The first two chapters set the scene by discussing important background information concerning theoretical and practical concepts and the practical handling of corpora (e.g. tagging, statistics). Chs. 3–10 each focus on one research question, but always touch on general and far-reaching issues.

By way of example studies, many of which are based on Mark Davies’ web-based Brigham Young University (BYU) Corpora, L covers corpus-based studies in the fields of semantics (including lexis, collocations and colligations, lexical change, metaphor, and metonymy), grammar (passives, who and whom, grammatical change → grammaticalization, complementation patterns), and sociolinguistics (male versus female language with regard to both active language use and passive features such as the use of gender-marked versus gender-neutral terms). The author’s focus on corpora which are continuously updated/extended (BYU Corpora) and added to (e.g. international corpus of English, Brown family) ensures that the book will not be outdated in a couple of months (which is an abiding danger of any ‘how-to’ publication in the field). Along the same lines, L also wisely refrains from using one particular type of software for analysis.

The book combines a unique integration of historical facts and details with present-day questions, methodological caveats, and countless examples (forty-four figures, 101 tables). The way the author manages to casually include state-of-the-art research findings from areas such as sociolinguistics in a book of this type is nothing short of brilliant (e.g. colloquialization of English and role of gendered language).

Readers are familiarized not only with different types of corpora and their leading representatives, but also with historical background on CL in general (e.g. Otto Jespersen’s grammar as an early corpus-based grammar, the history of the Brown family).
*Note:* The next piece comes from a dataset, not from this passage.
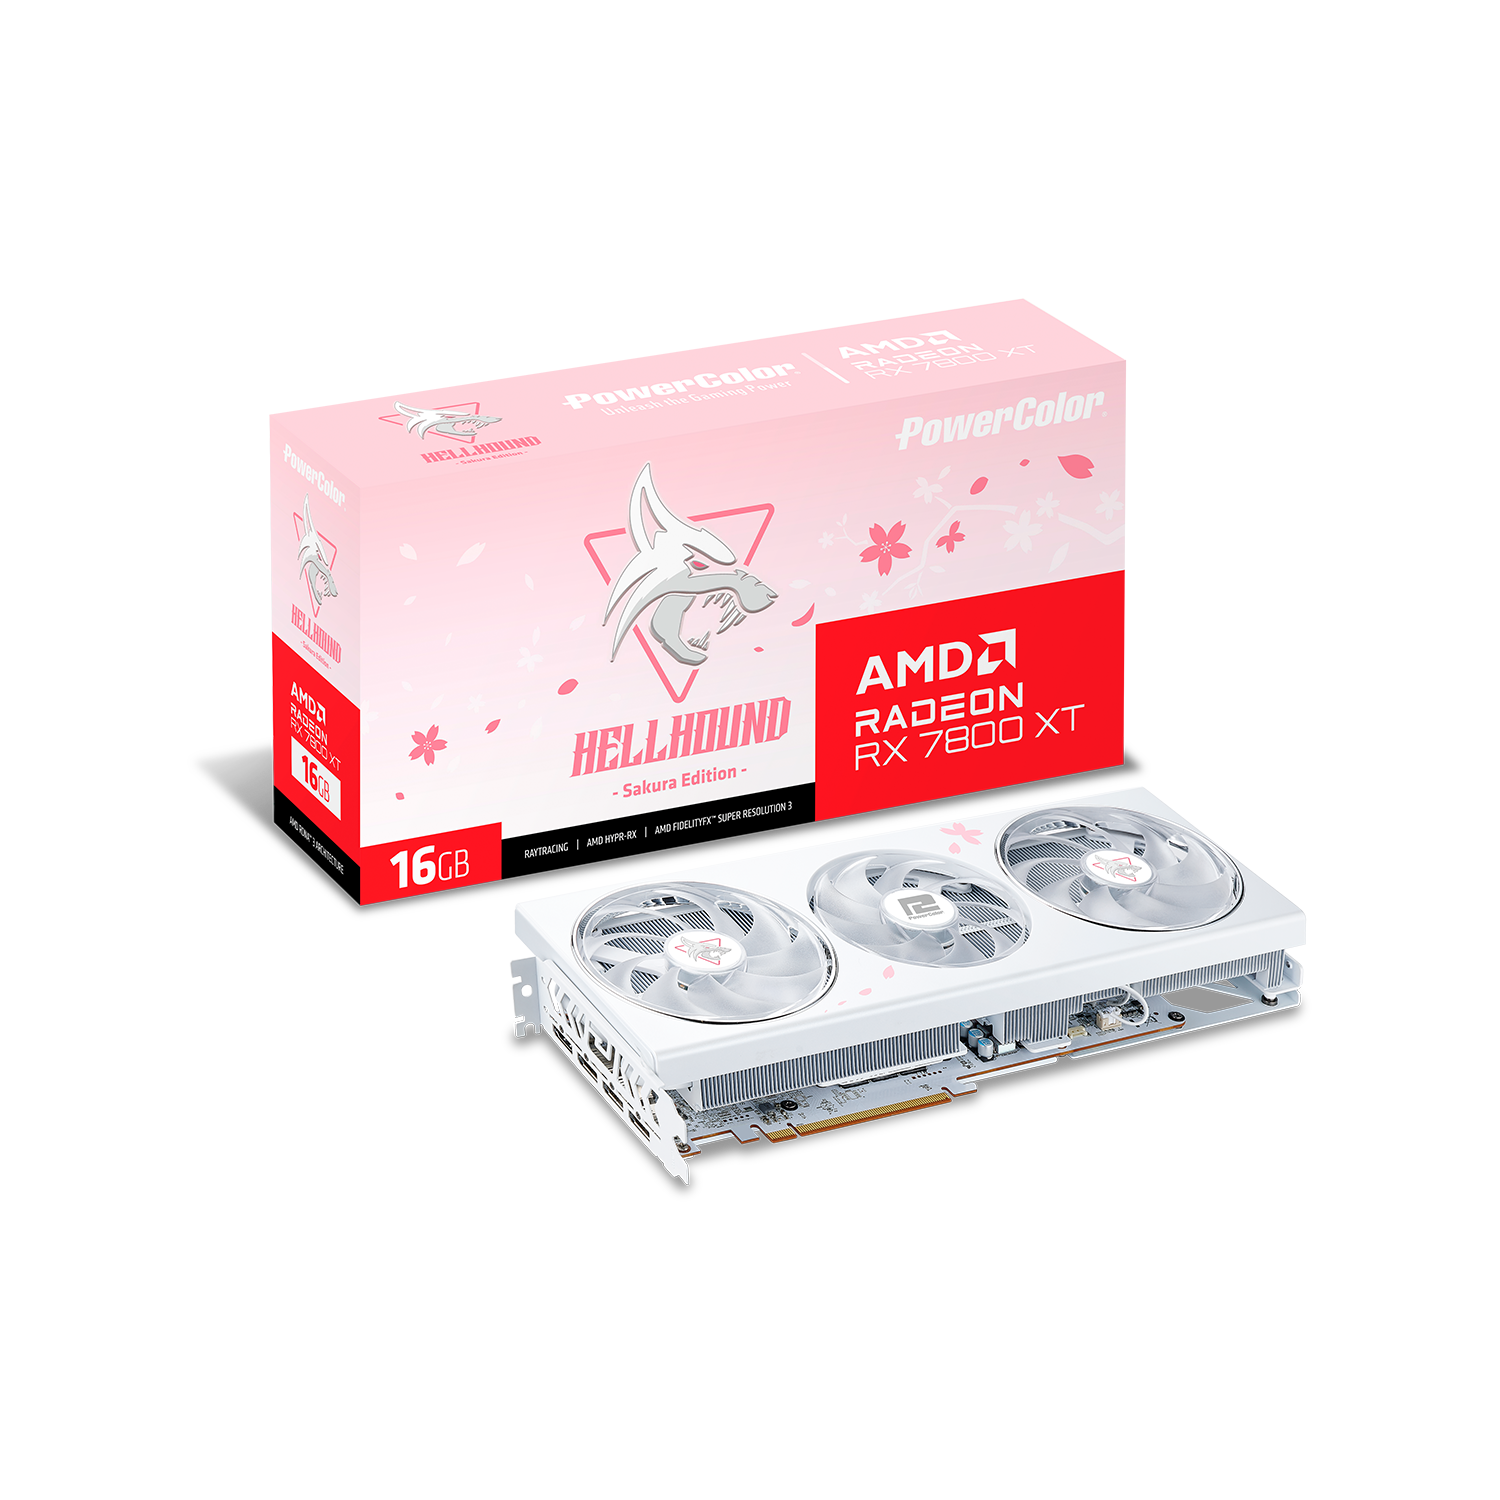 PowerColor(パワーカラー) Radeon RX 7800 XT ピンクカラーLEDトリプルファン搭載 オーバークロックグラフィックボード RX7800XT 16G-L/OC/SAKURA

The author addresses countless methodological issues: e.g. the pros and cons of corpus-driven versus corpus-based work via issues of comparability, different types of statistics tests, and the advantages and disadvantages of qualitative versus quantitative studies.

L also addresses the usefulness of messy sources as corpora (particularly the internet and the Oxford English Dictionary quotations database), emphasizing that—as always in corpus studies—the researcher needs to be aware of their messy nature and the problems that entails. Once such issues are taken into consideration and carefully navigated, investigating corpora truly holds ‘joy and fascination’ (1).